(Dataset section)

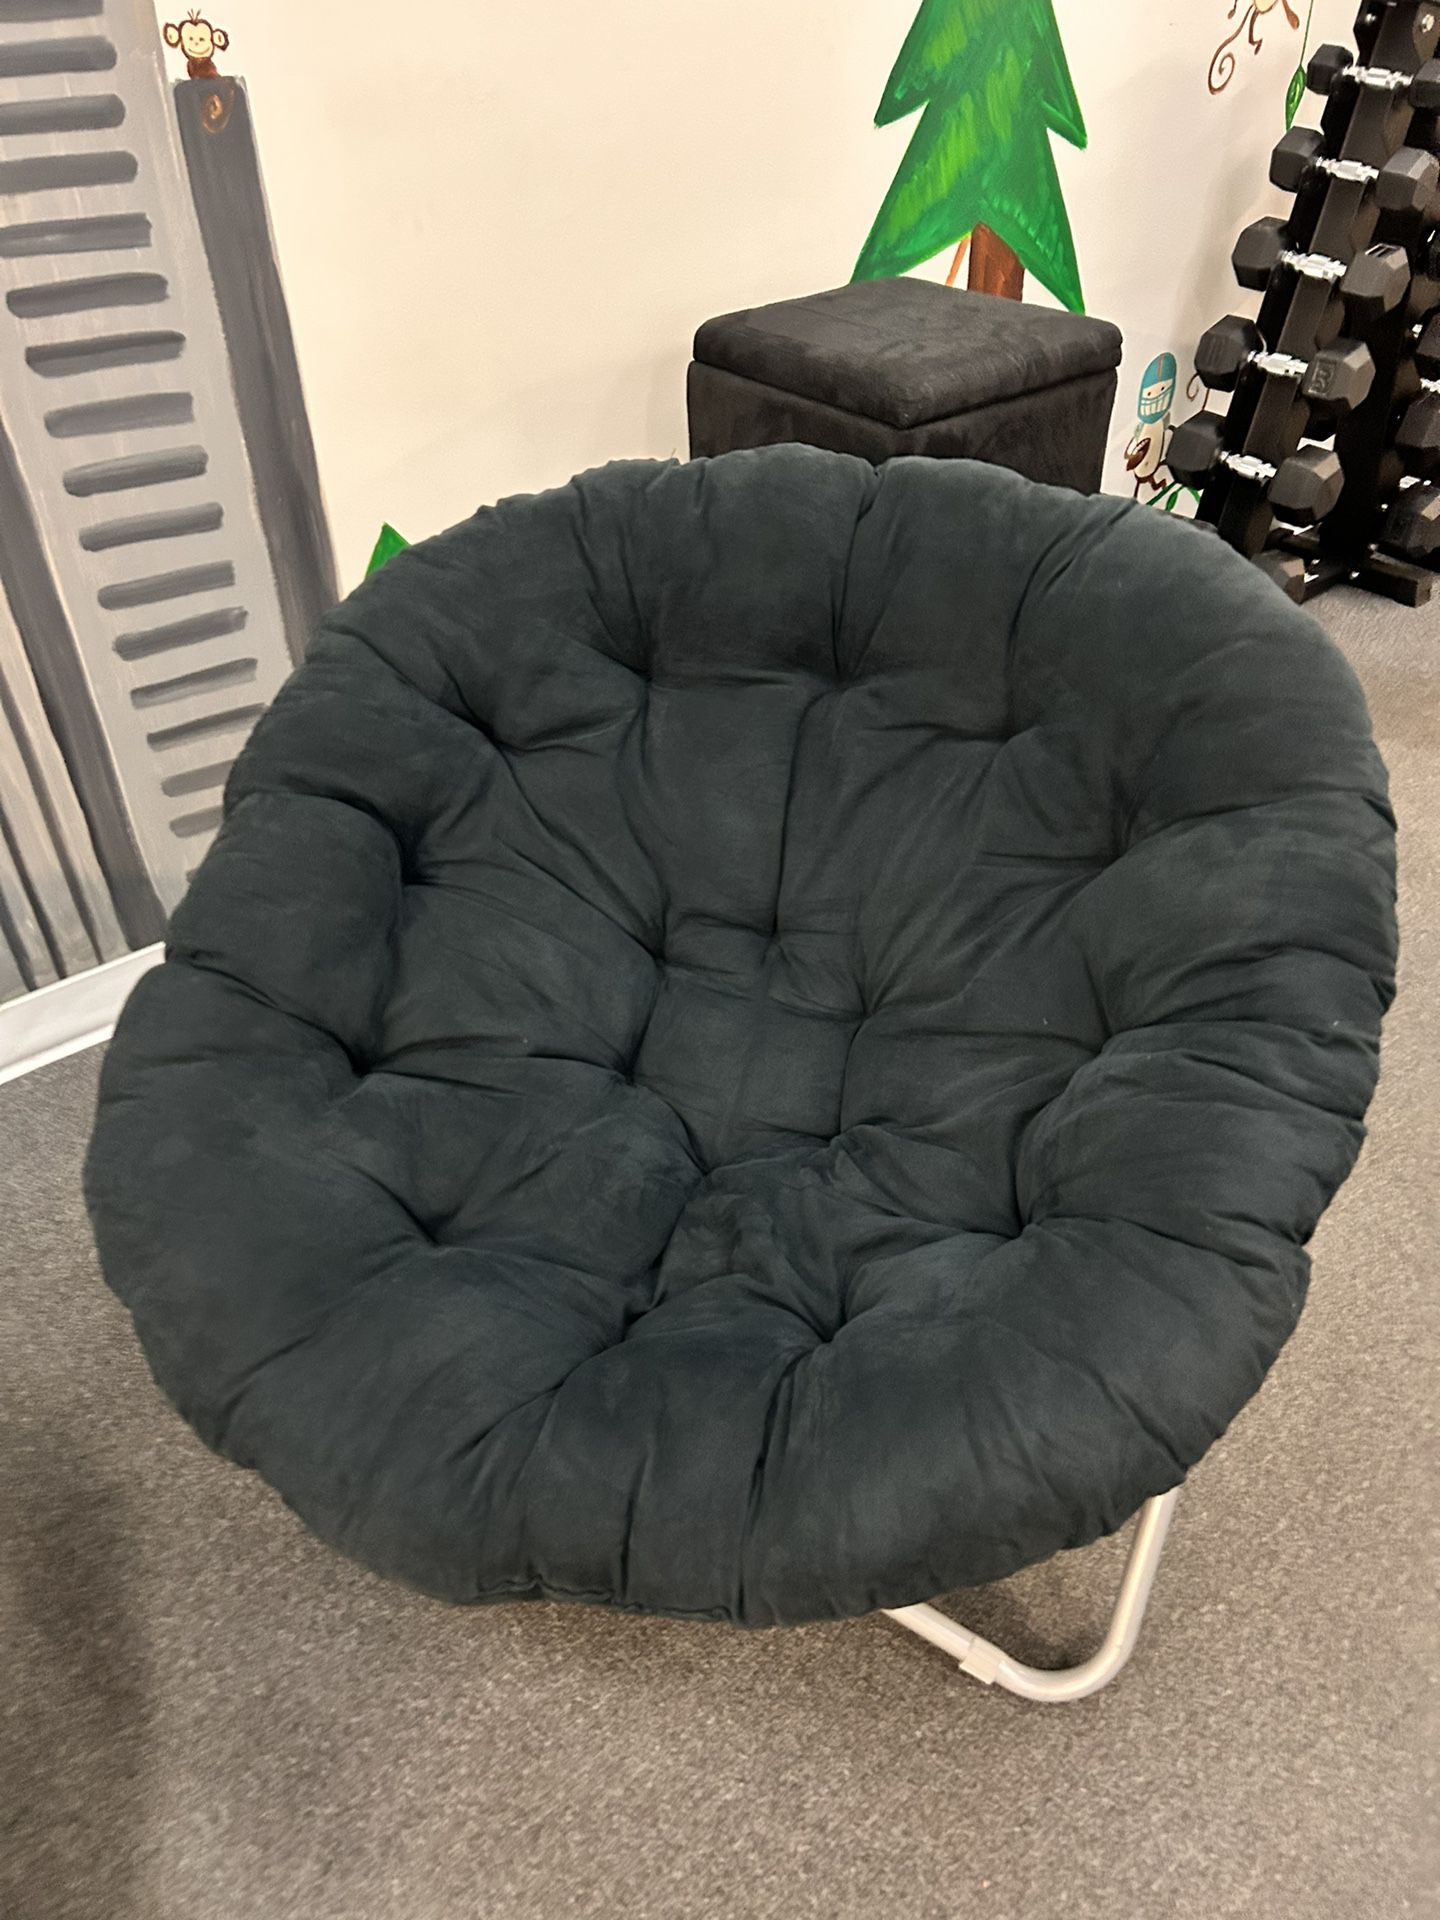 Satellite Comfy Moon Saucer Foldable Chair 
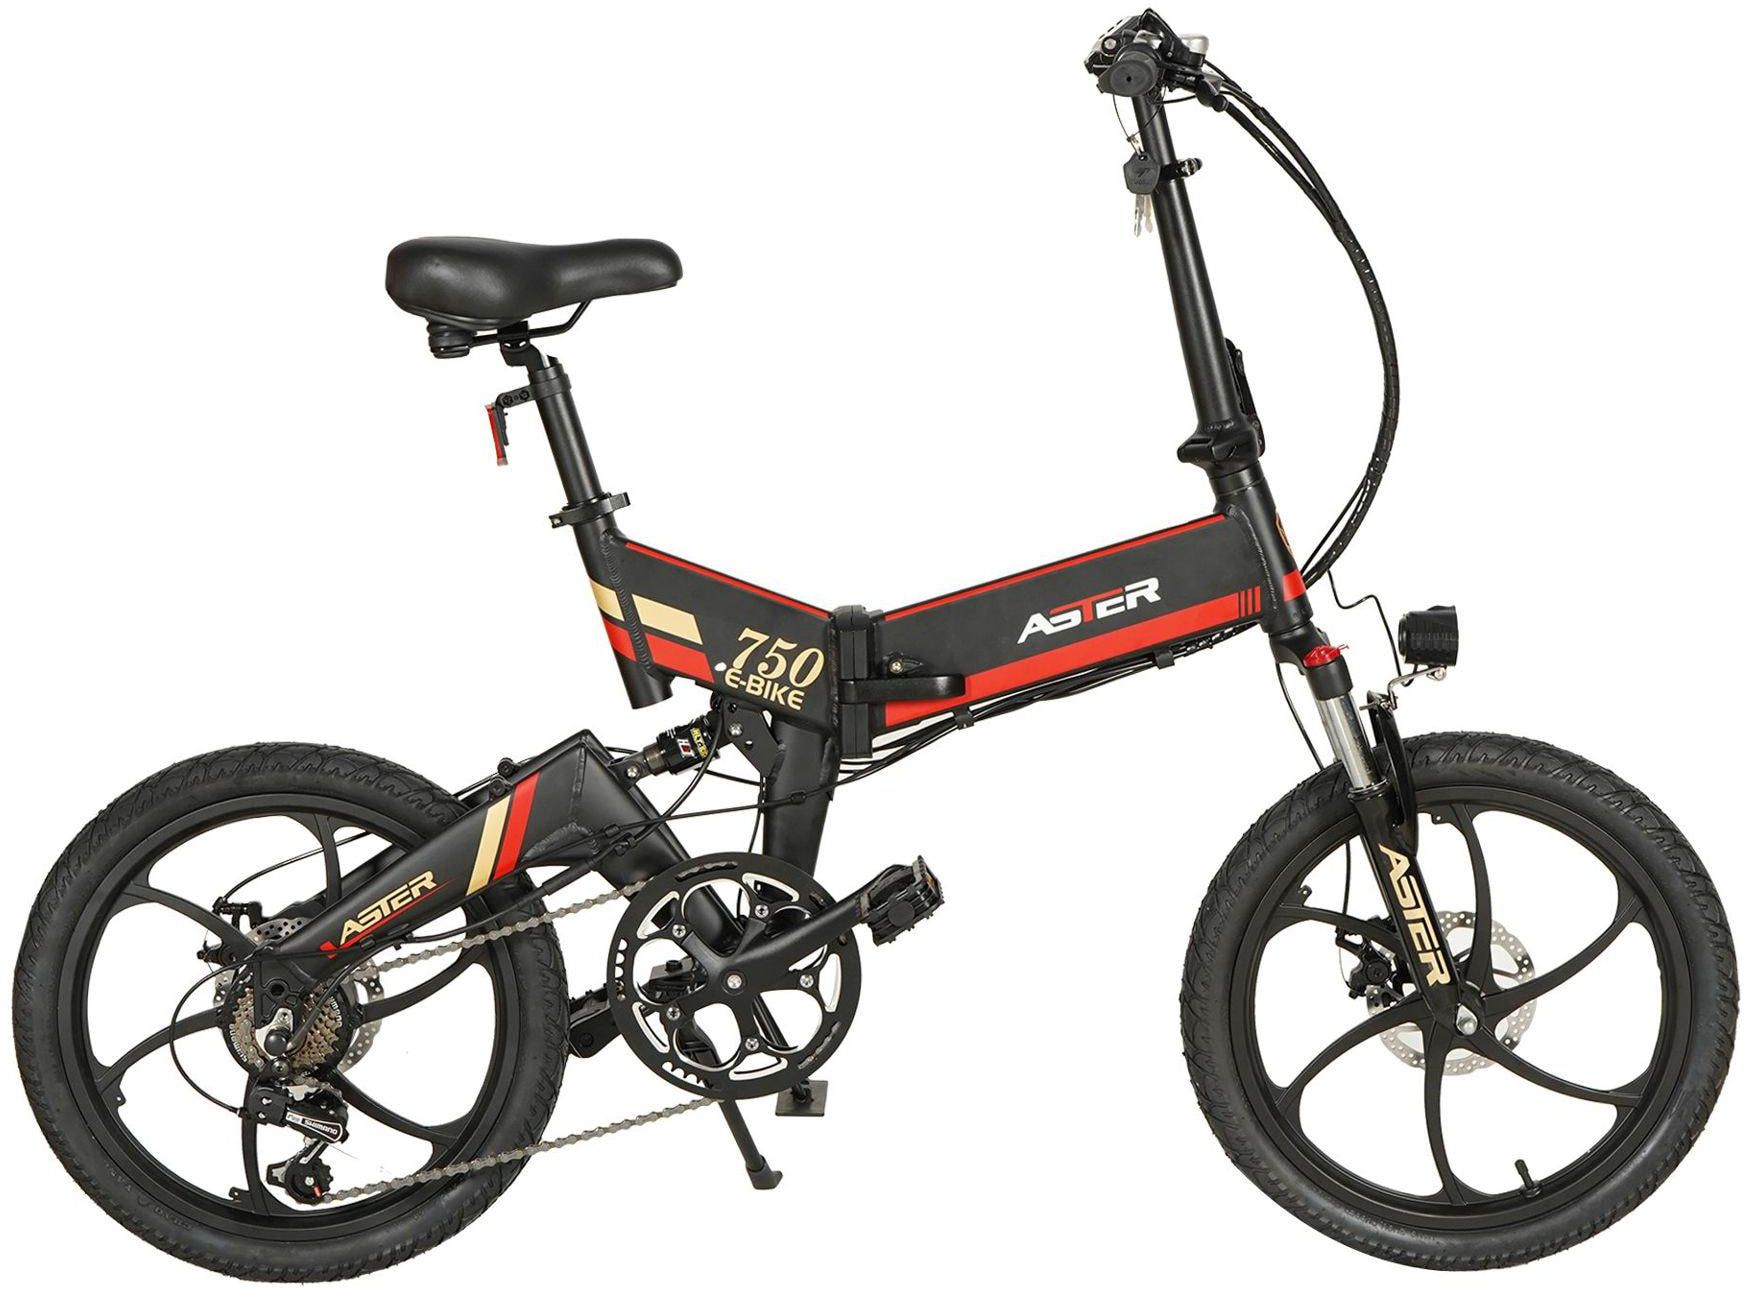 Aster Electric Multi-purpose Bicycle with 7 Gear, 20 Inch - Red & Black
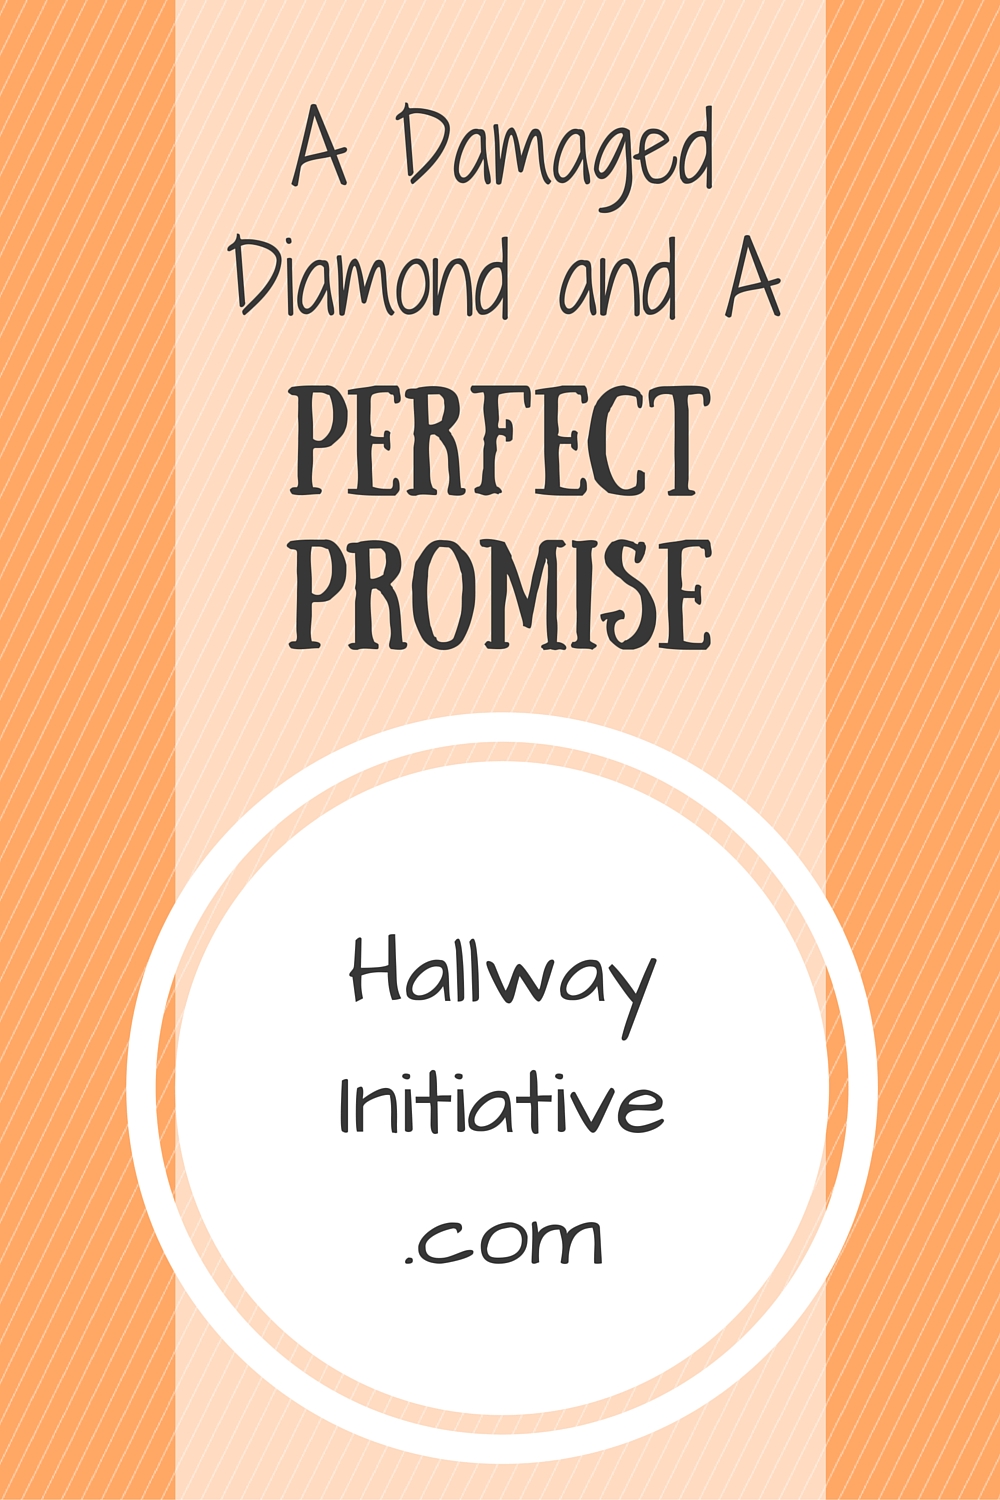 A damaged diamond and a perfect promise

(End Dataset section)

- Action item -
Write out, word for word, only the lines from the one containing "Aster Electric Multi-purpose" to the end of the data above; the pictures stay out.

- Result of the task -
 Aster Electric Multi-purpose Bicycle with 7 Gear, 20 Inch - Red & Black
 A damaged diamond and a perfect promise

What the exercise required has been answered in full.